*Work instructions:*
If a line in the data below holds the word "style", copy it.

Excerpts from a dataset

################

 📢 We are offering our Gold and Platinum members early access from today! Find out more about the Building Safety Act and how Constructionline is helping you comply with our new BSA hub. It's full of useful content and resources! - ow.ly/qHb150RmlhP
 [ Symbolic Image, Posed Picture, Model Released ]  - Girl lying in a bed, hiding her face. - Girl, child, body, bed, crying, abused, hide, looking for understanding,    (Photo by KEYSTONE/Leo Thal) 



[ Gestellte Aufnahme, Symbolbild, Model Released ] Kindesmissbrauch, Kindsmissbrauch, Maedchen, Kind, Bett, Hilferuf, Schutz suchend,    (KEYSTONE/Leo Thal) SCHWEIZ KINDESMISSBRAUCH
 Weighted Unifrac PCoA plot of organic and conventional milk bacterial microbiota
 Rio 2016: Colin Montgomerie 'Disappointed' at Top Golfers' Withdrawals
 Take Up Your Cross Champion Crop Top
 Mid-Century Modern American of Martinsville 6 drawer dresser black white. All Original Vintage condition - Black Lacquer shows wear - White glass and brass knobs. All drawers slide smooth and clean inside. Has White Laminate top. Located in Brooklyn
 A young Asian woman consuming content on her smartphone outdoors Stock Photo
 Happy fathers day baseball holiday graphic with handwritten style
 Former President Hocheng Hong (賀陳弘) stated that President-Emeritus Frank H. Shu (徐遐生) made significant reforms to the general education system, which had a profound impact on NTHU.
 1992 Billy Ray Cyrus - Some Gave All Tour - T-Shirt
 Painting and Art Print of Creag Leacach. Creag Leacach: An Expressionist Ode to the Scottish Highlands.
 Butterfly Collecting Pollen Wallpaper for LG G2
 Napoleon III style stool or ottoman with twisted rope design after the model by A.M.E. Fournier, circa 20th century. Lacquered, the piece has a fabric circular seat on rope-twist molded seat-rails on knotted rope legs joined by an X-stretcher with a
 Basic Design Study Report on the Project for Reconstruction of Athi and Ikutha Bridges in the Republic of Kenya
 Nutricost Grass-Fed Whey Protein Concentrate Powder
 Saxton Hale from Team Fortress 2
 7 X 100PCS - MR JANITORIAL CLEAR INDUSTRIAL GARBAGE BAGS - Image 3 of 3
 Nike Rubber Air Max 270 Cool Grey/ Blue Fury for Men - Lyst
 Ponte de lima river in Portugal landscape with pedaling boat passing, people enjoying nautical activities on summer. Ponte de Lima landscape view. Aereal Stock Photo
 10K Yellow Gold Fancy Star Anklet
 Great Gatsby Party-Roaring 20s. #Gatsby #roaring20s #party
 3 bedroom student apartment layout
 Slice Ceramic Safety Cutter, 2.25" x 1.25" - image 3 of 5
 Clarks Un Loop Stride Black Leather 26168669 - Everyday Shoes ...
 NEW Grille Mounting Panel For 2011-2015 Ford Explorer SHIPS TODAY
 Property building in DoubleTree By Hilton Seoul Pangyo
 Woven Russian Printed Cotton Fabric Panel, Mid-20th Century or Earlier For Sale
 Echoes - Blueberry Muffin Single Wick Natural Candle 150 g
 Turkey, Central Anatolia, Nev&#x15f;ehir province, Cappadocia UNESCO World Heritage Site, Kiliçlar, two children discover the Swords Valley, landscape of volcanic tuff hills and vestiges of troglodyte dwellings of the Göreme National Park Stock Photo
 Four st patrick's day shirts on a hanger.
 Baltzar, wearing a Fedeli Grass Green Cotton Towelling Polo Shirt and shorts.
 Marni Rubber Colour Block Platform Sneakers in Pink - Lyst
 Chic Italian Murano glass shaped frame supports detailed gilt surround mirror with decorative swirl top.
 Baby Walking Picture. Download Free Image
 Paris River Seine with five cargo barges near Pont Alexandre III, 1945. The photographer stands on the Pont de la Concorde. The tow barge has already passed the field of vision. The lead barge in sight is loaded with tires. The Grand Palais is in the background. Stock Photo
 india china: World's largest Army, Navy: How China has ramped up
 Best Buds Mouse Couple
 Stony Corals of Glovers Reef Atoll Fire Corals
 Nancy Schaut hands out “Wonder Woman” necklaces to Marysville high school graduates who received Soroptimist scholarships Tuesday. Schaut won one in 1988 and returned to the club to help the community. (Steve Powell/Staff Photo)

################

*Result of this task:*
 Happy fathers day baseball holiday graphic with handwritten style
 Napoleon III style stool or ottoman with twisted rope design after the model by A.M.E. Fournier, circa 20th century. Lacquered, the piece has a fabric circular seat on rope-twist molded seat-rails on knotted rope legs joined by an X-stretcher with a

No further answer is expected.